Это десять многознаменательных для меня лет, окончательно сформировавшие мой характер.
После того, что я описал, я непосредственно заболел; поводом к этому недугу, как матушка отгадала, действительно была простуда, полученная мною во время курения у форточки.
У меня сделалась лихорадка и колотье в ушах — болезнь, конечно, не важная, но, однако, она мешала моим и служебным и учебным занятиям. Первый блин шел комом; я только начал уроки, только подал просьбу об определении меня на службу, и сейчас же слег.
В это время, помимо болезни, со мною случилось еще две неприятности: во-первых, Кирилл явился ко мне прощаться, а как я тотчас не встал с постели, то его приняла матушка и дала ему рубль, и этим бы все могло благополучно и кончиться; но, тронутый этою благодатью, Кирилл захотел блеснуть умом и, возмнив себя чем-то вроде Улисса * , пустился в повествование о том, как мы дорогой страждовали и как он после многих мелких злоключений был, наконец, под Королевцем крупно выпорон.
Услыхав из своей комнаты, что дело дошло до королевецких происшествий, я чрезвычайно оробел, а когда матушка вдобавок к этому еще спросила: за что же именно его так обидели, страх мой уже не знал пределов, — но коварный мужичонка отлично нашелся. Немножко помямлив и почесавшись, он с достоинством отвечал:
— Эх, государыня-матушка, если всю правду говорить, как перед богом, то, вздохнув ко всевышнему, ничего я больше за собою не знаю, как это господь наказал меня за мое лакомство.
— За какое лакомство? — сказала maman.
— А что я о ту пору, лба не перекрестя, морковь ел.
После такого объяснения Кирилл был отпущен, и эта беда сплыла, но зато на место ее близилась другая: через несколько дней, во время самого жестокого пароксизма * лихорадки, в доме получилось на мое имя письмо. Находясь в нестерпимом жару болезни, я ничего не понял: ни адреса на конверте, ни того, что стояло на вынутом мною листке; бумага трепетала в моей руке, и строки тряслись и путались, а глаза ничего не видали.
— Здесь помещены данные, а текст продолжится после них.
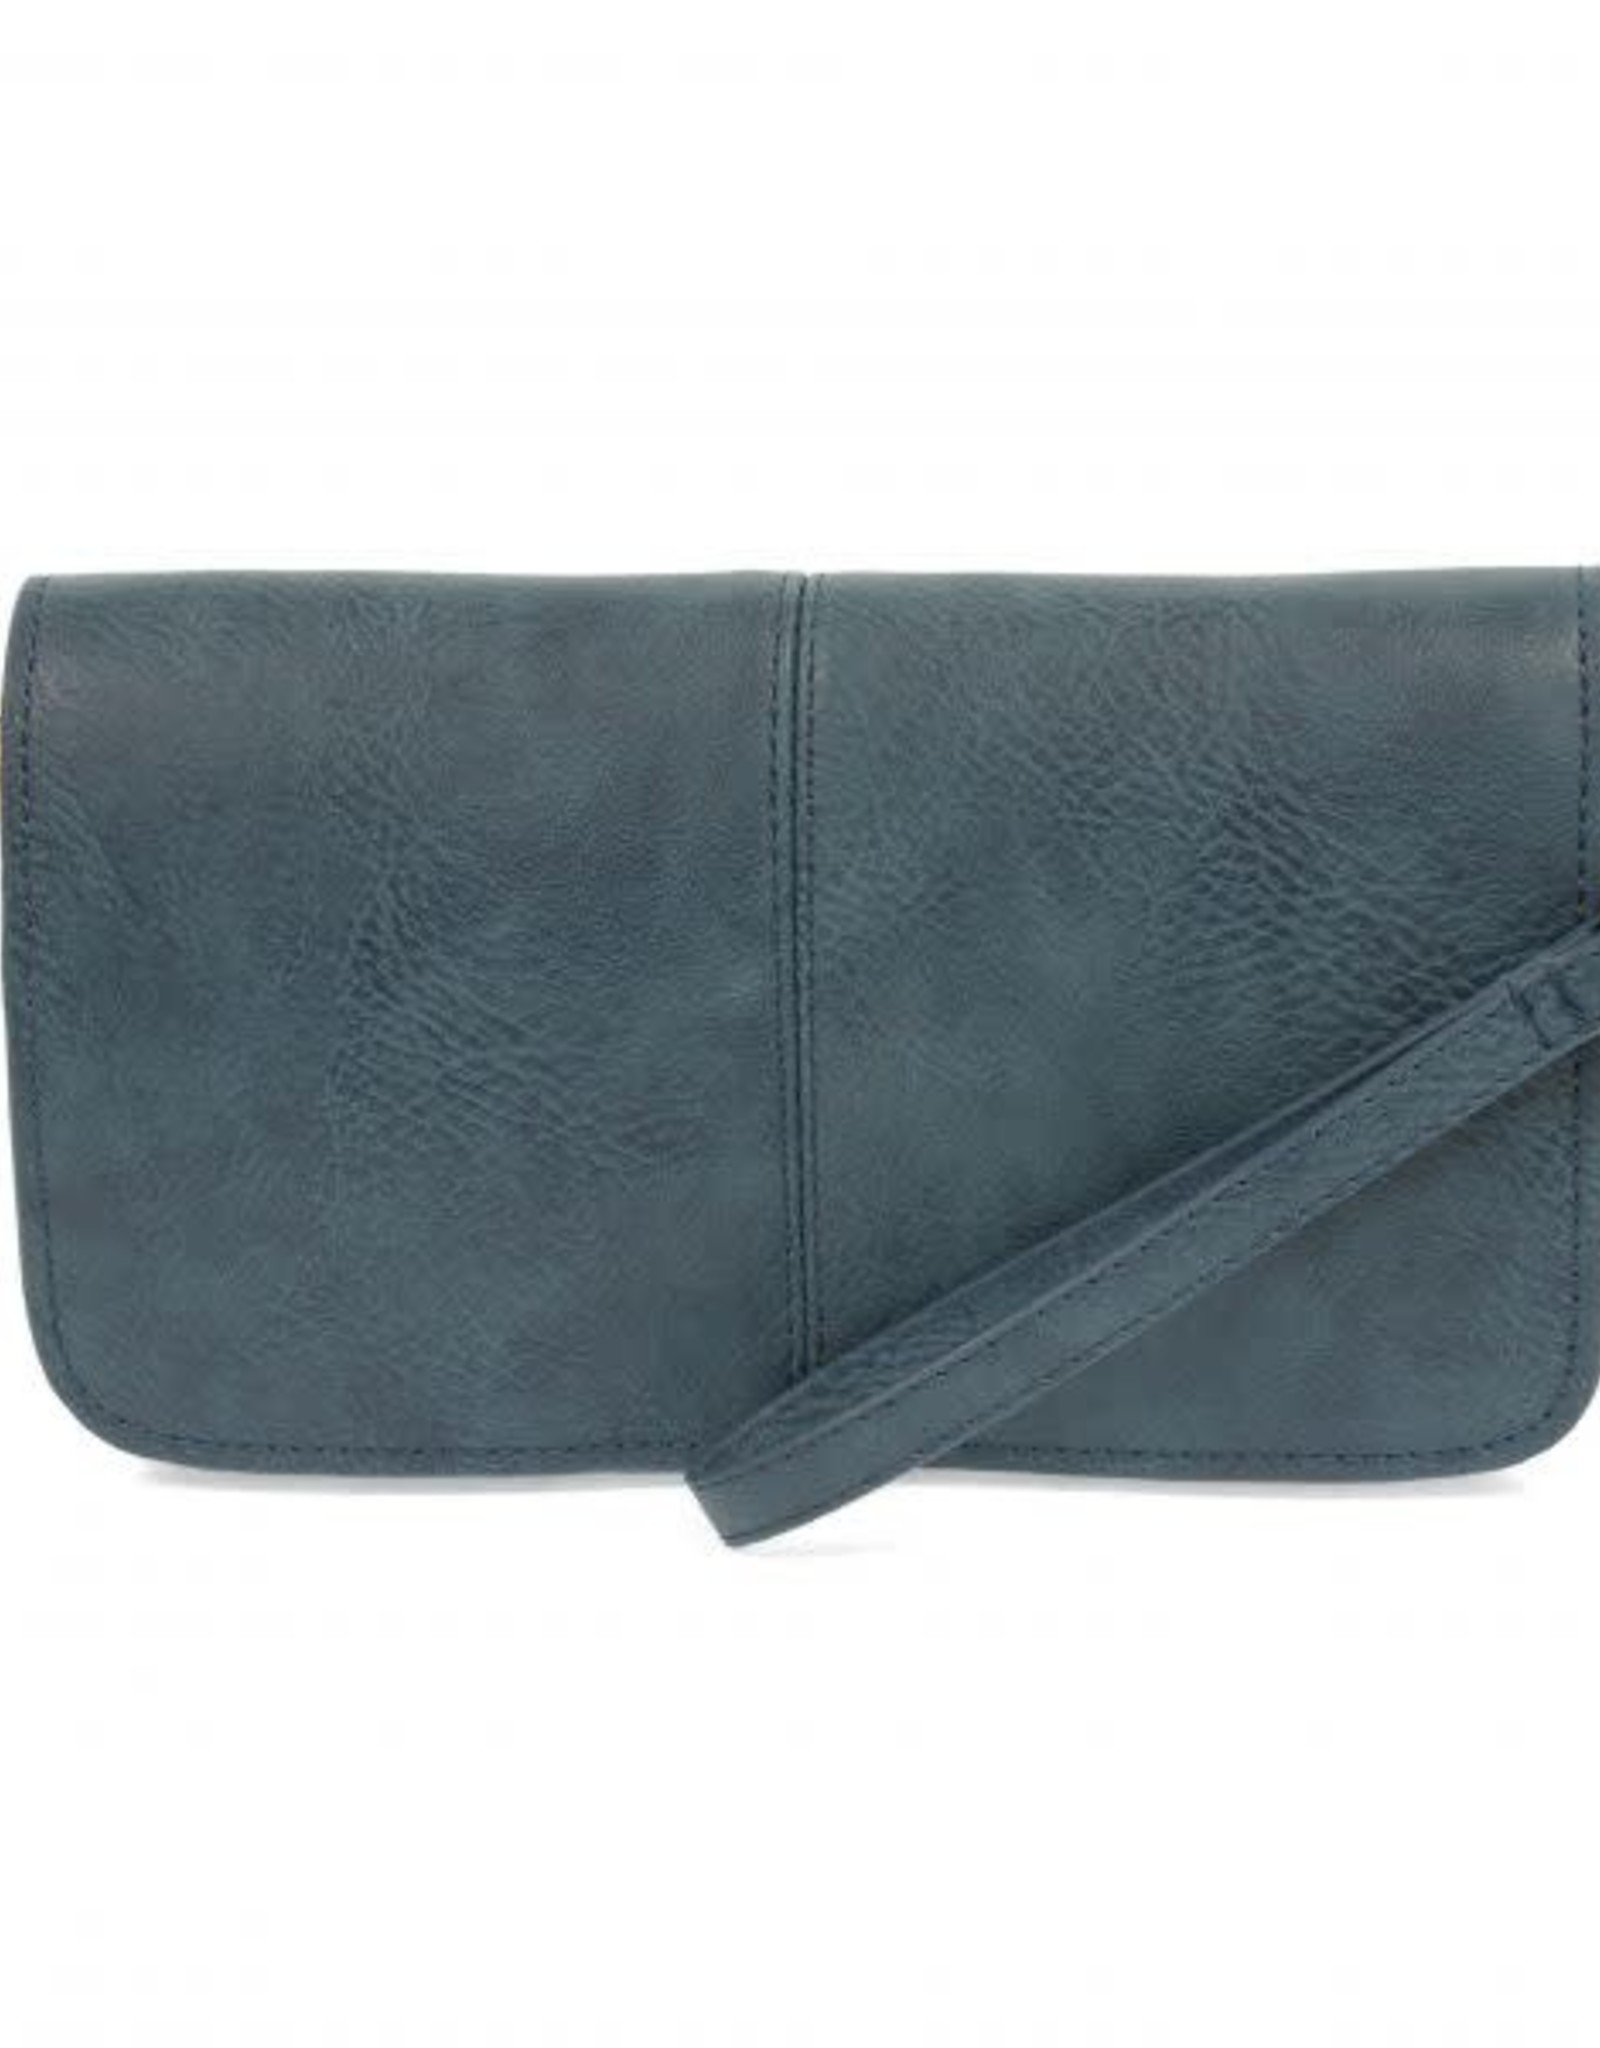 Joy Susan Mia Multi Pocket Crossbody Clutch-Dark Chambray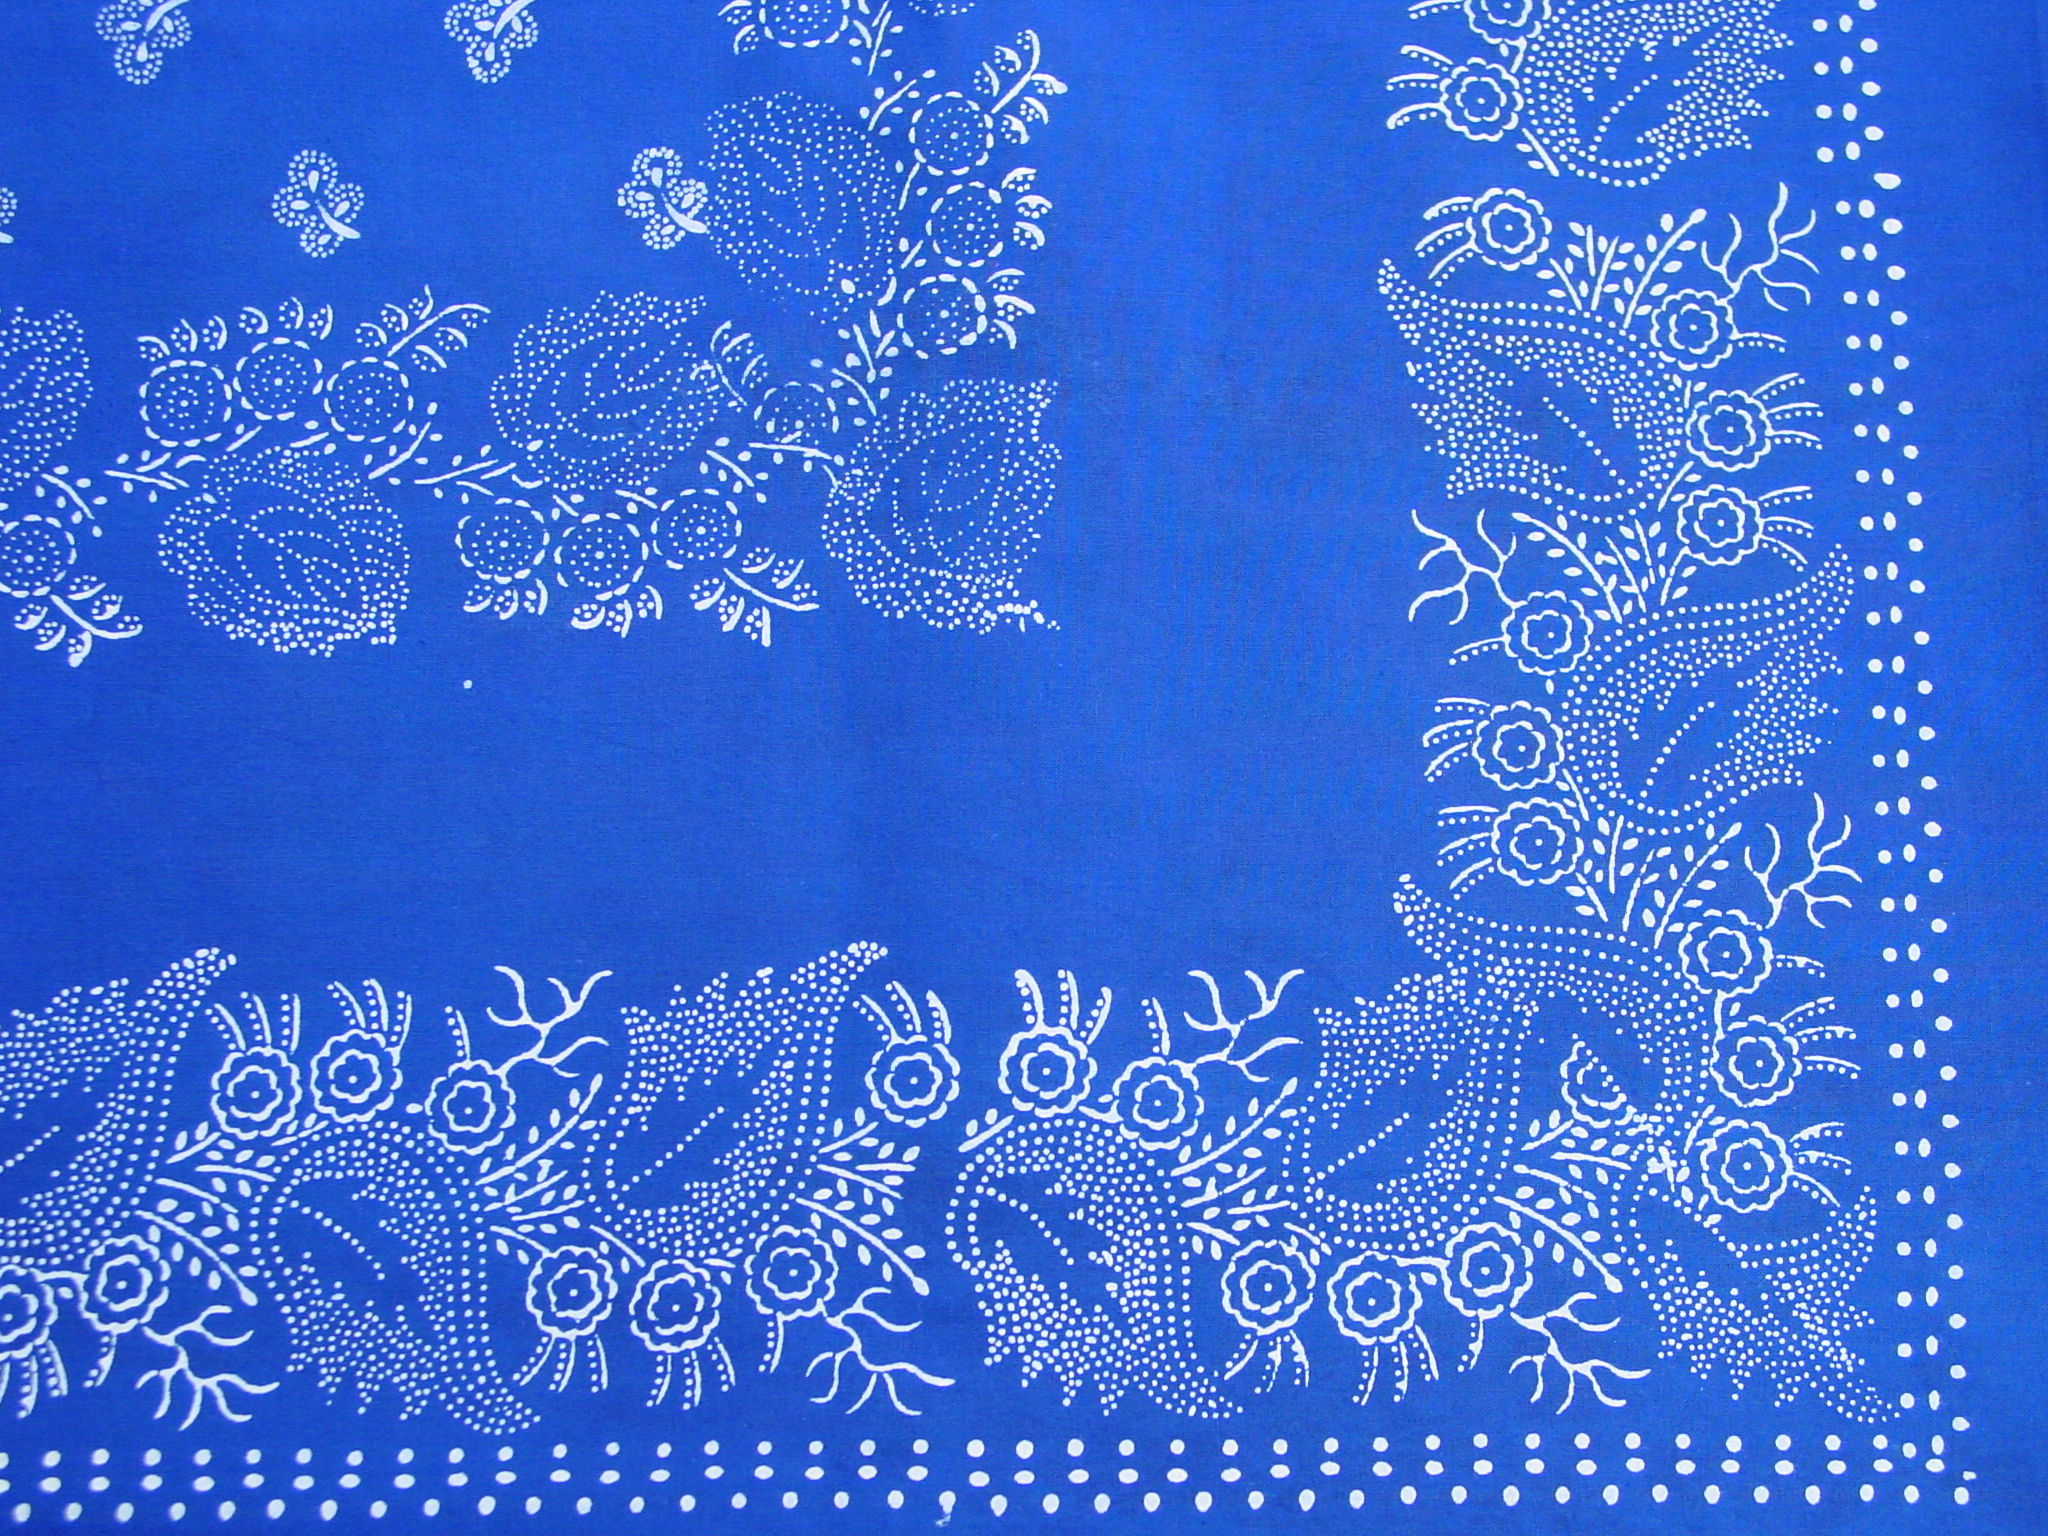 Große Blaudruck-Tischdecke 6485-1304

Тогда матушка, вынув из моих дрожащих рук это письмо, взглянула на первые его строки и вся изменилась в лице, воскликнув:
— Боже мой! кто это смеет тебе писать такое письмо?
— Что там такое, maman? — осведомился я, едва шевеля своими смягнущими губами * .
— Письмо начинается со слов: «Праотцев, ты дурак!»
«Плохо!» — подумал я, заключая по слогу, что это, верно, энергическая Тверь сносится с вежливым Киевом!
— Тебя бранят, — продолжала матушка, показывая мне листок, на котором я теперь при новом толчке, данном всем моим нервам, прочел несколько более того, что было сказано: «Праотцев! ты дурак и подлец…» Дальше нечего было и читать: я узнал руку Виктора Волосатина и понял, что это отклик на мою борзенскую корреспонденцию к его сестре, потому что вслед за приведенным приветствием стояли слова: «Как смел ты, мерзавец, писать к моей сестре». Читая эти слова, я вспомнил, что их точно так же читает теперь и моя мать, и потому быстро разорвал письмо и, отвернувшись к стене, проспал целые сутки.